▶ [What needs to be done] Take the line containing "Oblique Pink Chiffon" through the last line of the data and retype those lines exactly. Pictures do not belong in the copy.

▶ [Given data]

==============================

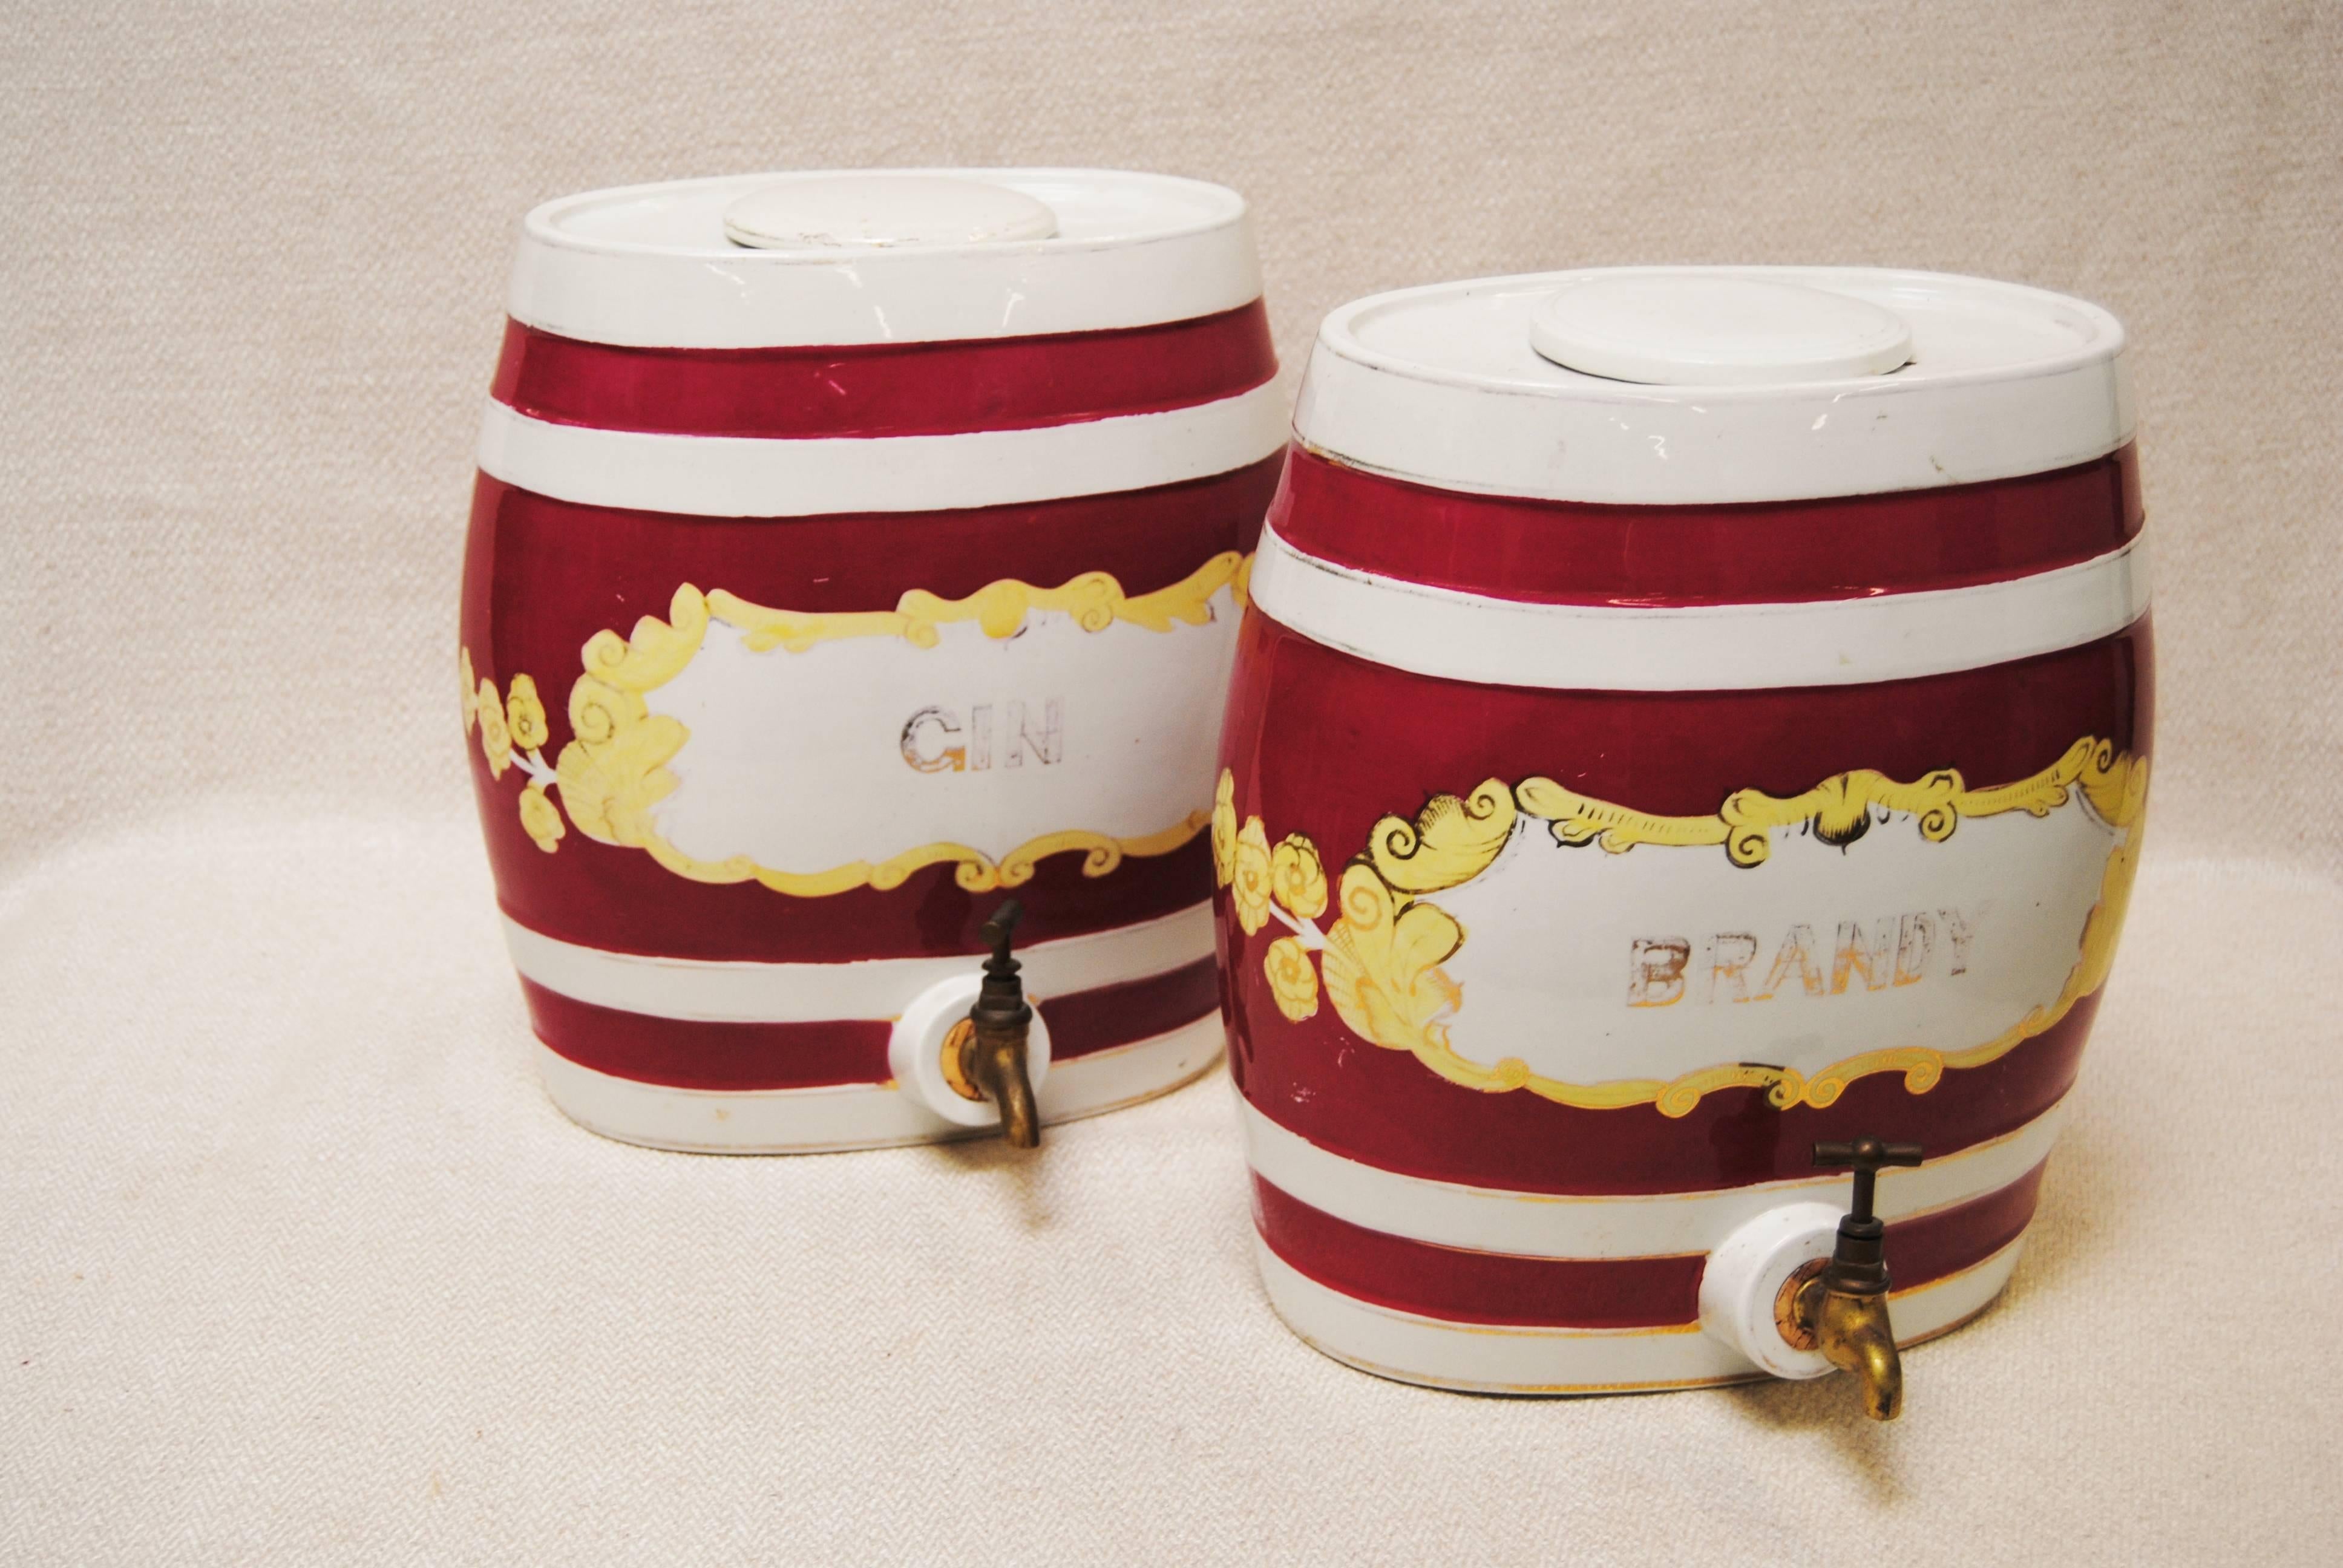 Antique English ceramic gin and brandy kegs with spout and lids.  Priced individually.
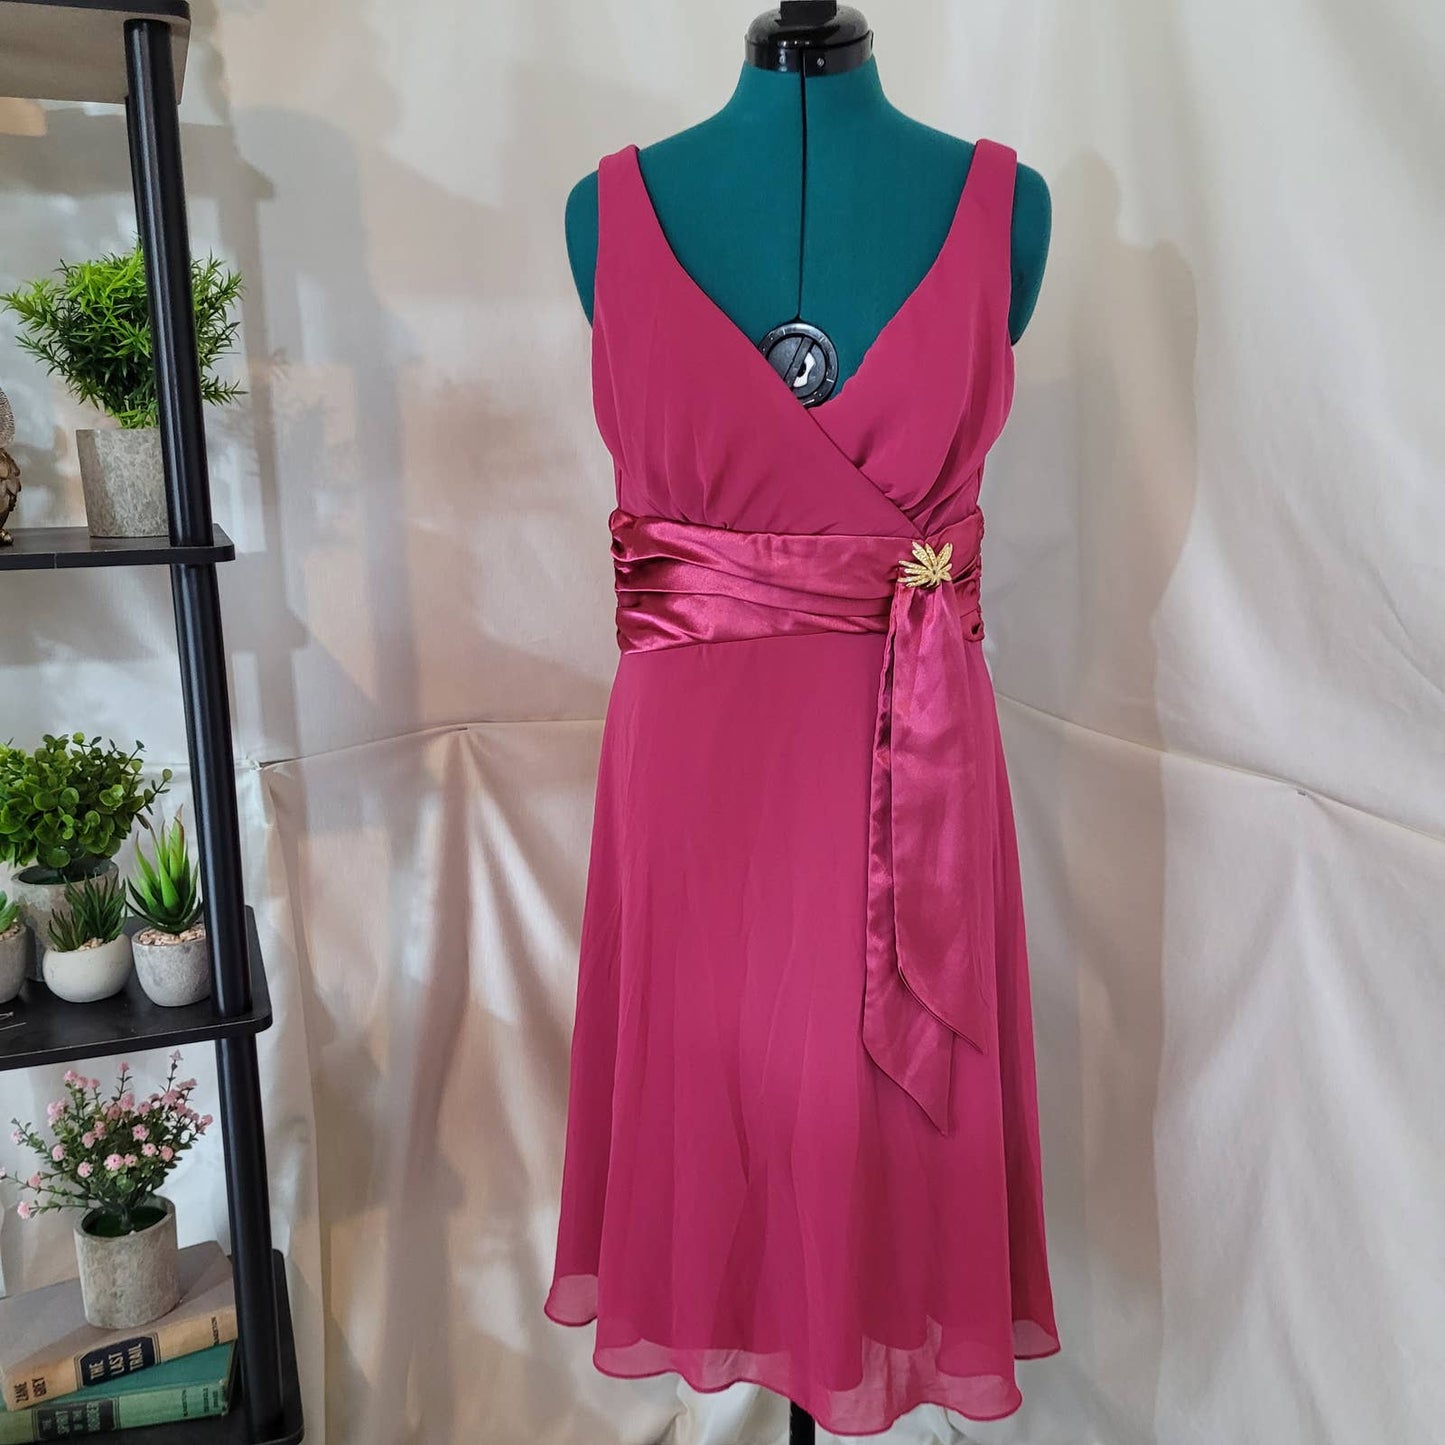 Oblique Pink Chiffon Dress with Satin Waist Tie and Gold Tone Brooch - Size 12
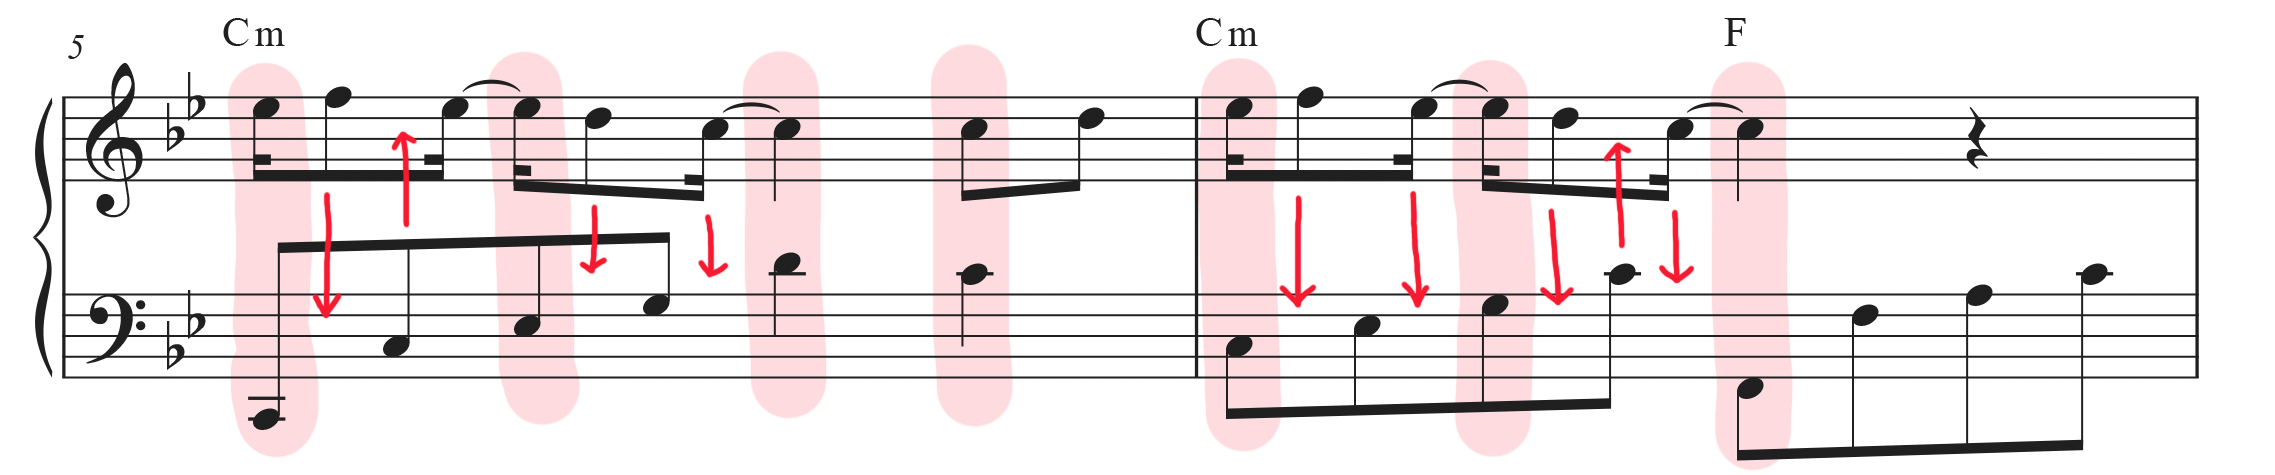 Measures 5-6 sheet music with arrows showing where notes match up.

==============================

▶ [Task response]
 Oblique Pink Chiffon Dress with Satin Waist Tie and Gold Tone Brooch - Size 12
 Measures 5-6 sheet music with arrows showing where notes match up.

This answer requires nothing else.